Data extracted from a collection
━━━━━━━━━━━━━━━━

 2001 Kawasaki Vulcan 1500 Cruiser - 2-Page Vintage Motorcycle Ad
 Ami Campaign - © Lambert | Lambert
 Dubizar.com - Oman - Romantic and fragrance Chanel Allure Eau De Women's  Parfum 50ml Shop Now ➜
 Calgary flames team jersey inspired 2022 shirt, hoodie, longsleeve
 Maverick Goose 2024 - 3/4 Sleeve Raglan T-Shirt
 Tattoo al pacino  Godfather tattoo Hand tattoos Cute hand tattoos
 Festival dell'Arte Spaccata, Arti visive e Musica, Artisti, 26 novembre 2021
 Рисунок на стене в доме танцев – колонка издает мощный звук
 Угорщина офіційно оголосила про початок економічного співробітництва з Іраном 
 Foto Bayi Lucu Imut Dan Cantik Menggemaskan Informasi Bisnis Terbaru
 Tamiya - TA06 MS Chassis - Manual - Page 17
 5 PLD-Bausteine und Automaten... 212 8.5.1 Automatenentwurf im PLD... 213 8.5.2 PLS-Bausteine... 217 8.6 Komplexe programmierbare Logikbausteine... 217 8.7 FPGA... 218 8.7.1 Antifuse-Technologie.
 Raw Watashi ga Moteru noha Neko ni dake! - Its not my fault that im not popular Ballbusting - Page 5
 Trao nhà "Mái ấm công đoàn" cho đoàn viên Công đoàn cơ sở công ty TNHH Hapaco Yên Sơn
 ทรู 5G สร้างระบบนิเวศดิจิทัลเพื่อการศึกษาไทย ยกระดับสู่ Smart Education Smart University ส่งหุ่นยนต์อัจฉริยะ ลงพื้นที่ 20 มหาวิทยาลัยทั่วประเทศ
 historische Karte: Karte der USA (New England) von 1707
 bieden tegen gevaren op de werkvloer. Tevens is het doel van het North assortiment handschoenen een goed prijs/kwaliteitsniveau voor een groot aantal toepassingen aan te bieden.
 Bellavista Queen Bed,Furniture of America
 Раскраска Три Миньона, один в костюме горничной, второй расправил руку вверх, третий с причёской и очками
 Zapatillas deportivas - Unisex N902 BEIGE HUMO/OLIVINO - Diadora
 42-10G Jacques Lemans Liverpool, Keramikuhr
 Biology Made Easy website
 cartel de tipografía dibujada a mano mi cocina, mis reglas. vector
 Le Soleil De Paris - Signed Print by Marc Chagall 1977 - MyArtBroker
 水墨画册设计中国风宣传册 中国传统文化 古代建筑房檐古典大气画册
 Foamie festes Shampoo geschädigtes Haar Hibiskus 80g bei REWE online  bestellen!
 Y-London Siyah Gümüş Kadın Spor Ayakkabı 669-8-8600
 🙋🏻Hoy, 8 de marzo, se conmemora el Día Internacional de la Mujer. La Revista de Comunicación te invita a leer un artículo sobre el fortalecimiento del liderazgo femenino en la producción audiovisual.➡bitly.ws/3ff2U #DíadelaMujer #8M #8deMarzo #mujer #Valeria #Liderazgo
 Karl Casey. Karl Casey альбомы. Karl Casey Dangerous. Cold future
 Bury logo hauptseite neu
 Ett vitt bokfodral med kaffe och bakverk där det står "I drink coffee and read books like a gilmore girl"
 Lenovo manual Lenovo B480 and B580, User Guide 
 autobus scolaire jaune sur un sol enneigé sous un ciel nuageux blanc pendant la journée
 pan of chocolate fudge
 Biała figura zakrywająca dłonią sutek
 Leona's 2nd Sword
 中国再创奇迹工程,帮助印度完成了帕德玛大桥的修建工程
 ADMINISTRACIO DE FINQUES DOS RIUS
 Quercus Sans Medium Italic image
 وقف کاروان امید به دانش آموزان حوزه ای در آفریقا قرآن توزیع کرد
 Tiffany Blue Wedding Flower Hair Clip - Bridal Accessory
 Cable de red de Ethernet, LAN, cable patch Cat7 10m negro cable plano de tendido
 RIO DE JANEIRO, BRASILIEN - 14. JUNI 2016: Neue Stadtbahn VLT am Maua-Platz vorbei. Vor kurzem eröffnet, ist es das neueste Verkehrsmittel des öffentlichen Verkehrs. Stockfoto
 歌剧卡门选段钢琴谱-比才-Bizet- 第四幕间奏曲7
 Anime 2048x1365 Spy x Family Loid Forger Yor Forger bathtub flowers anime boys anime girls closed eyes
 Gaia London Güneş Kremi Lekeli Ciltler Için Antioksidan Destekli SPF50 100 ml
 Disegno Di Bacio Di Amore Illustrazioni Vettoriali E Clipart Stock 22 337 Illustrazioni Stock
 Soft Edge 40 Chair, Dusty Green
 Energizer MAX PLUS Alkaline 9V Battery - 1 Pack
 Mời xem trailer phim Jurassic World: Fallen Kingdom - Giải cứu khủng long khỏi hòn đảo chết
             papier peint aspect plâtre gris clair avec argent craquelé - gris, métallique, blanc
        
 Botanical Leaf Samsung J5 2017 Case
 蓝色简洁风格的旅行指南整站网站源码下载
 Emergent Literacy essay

━━━━━━━━━━━━━━━━

The answer must consist of every line above that holds the string "London", copied exactly.

== Your response ==
 Y-London Siyah Gümüş Kadın Spor Ayakkabı 669-8-8600
 Gaia London Güneş Kremi Lekeli Ciltler Için Antioksidan Destekli SPF50 100 ml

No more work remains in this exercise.